● **DIRECTIONS**: Beginning with the line that holds "Gel Rock de" and ending with the last line below, please copy every line exactly, add nothing, and leave out the pictures.

● **DATASET CONTENT**:
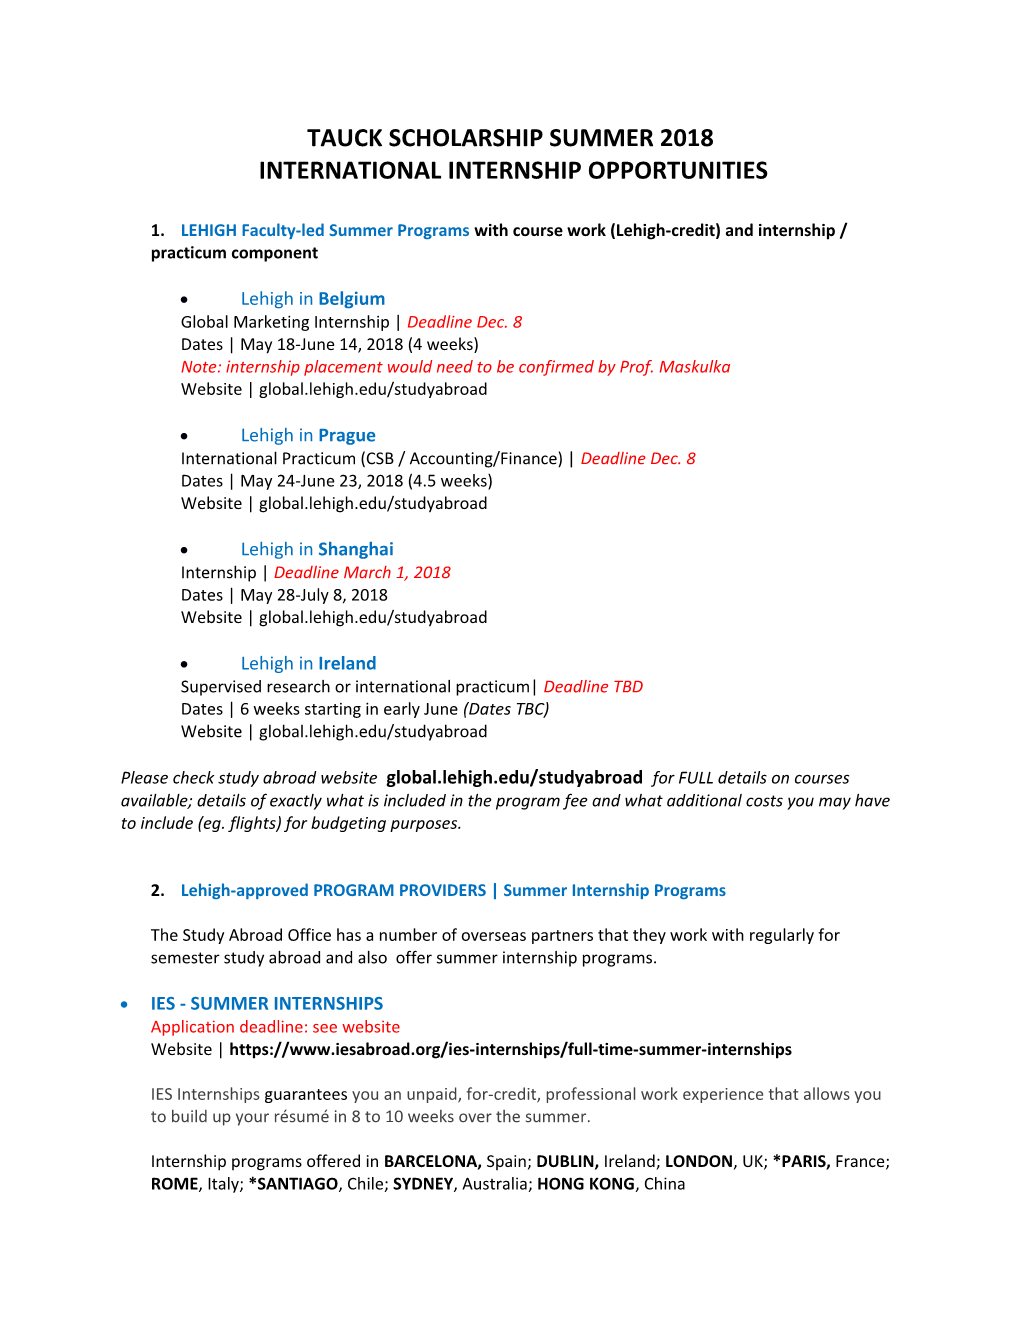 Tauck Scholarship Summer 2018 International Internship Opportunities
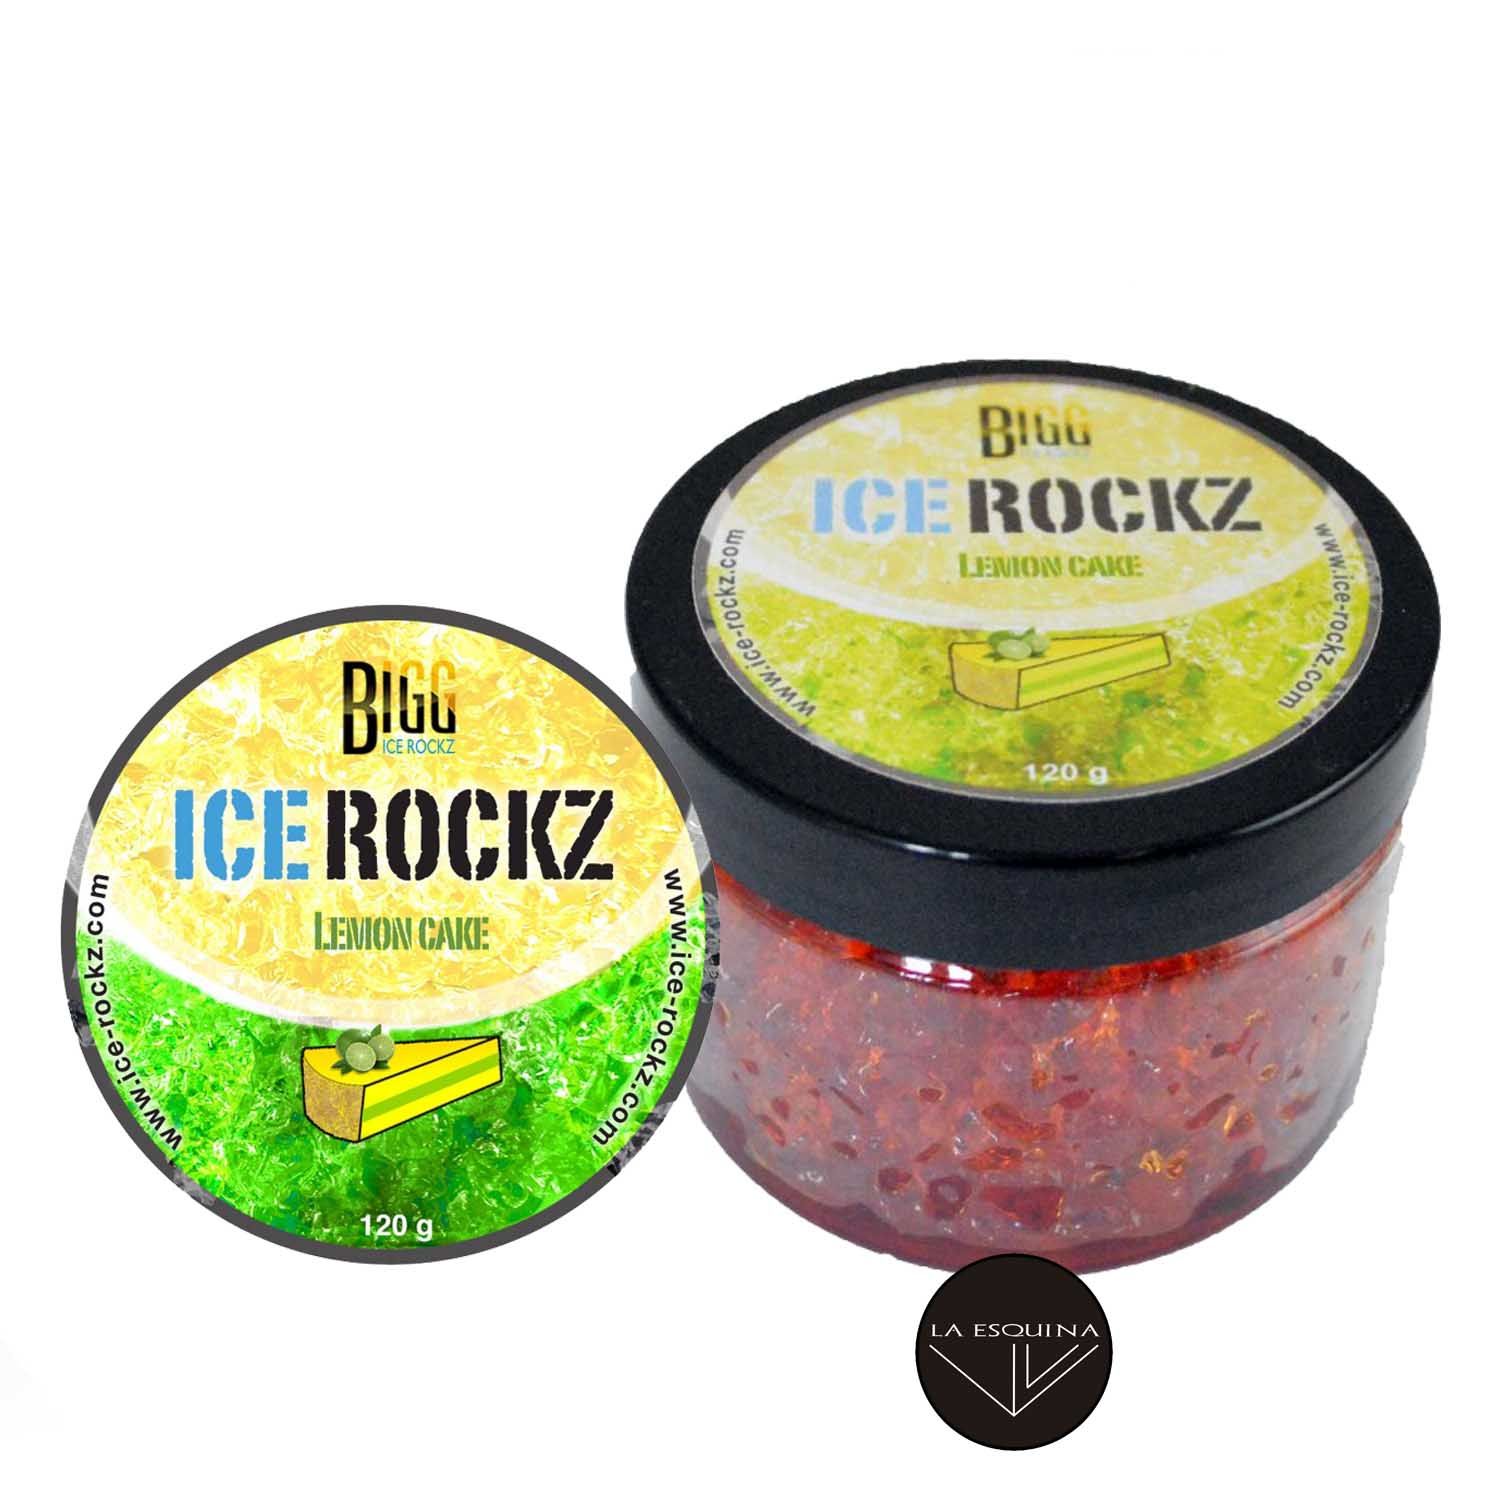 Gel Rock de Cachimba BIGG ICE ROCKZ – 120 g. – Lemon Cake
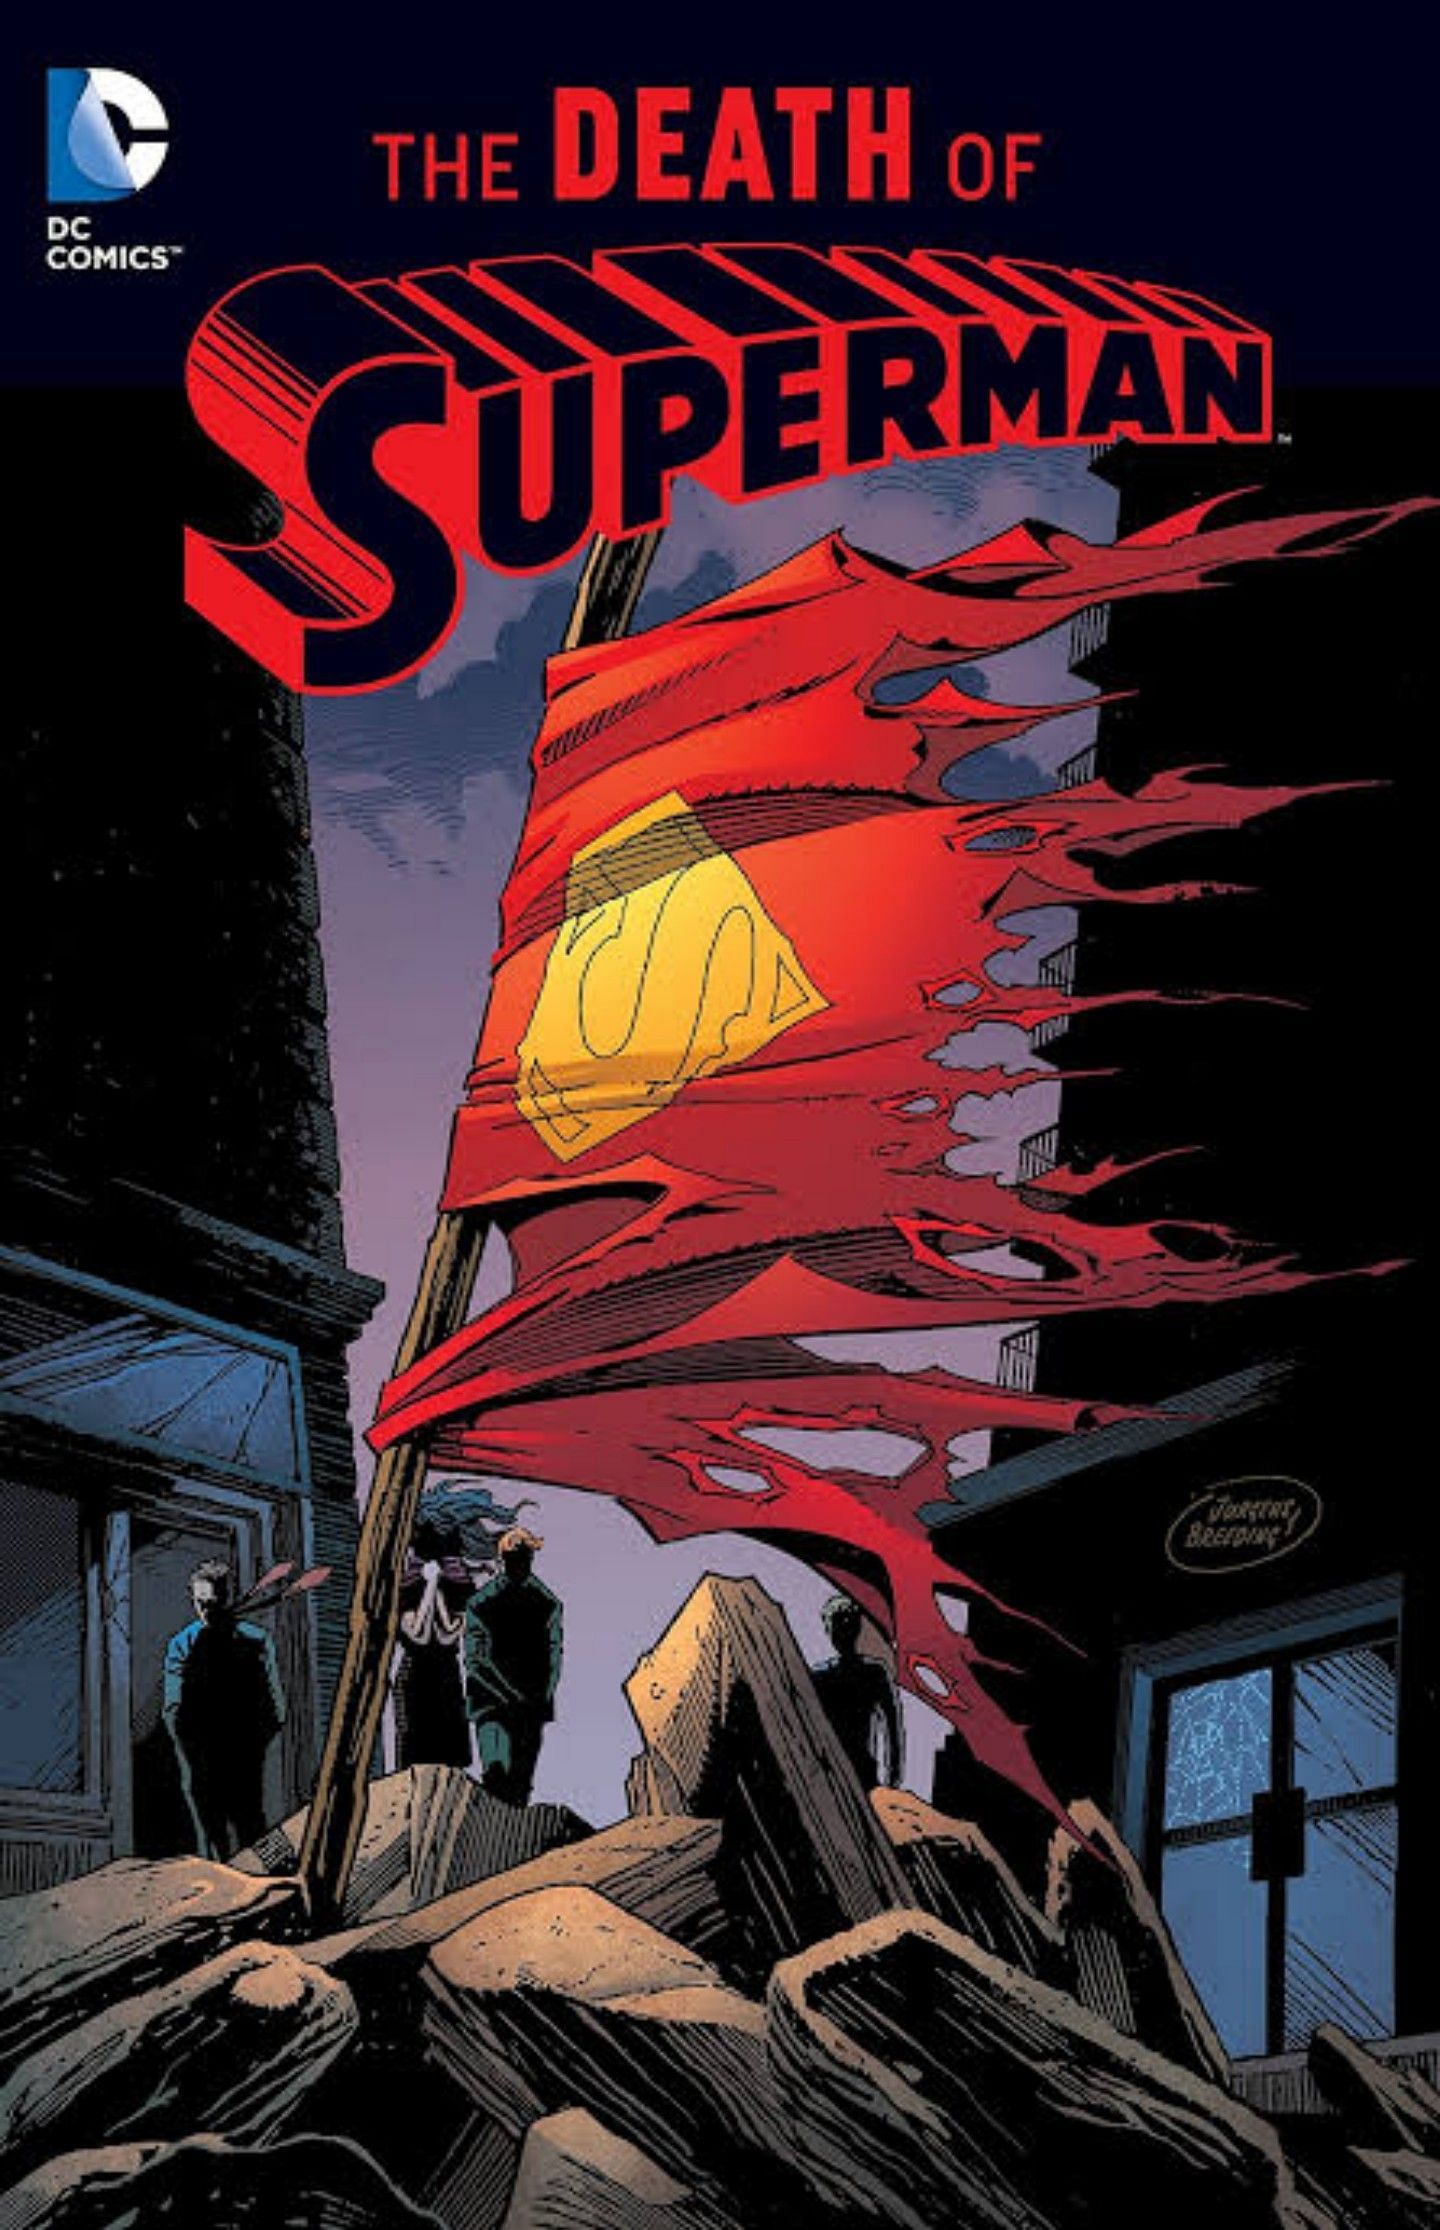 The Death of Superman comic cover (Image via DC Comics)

● **EXERCISE ANSWER**:
 Gel Rock de Cachimba BIGG ICE ROCKZ – 120 g. – Lemon Cake
 The Death of Superman comic cover (Image via DC Comics)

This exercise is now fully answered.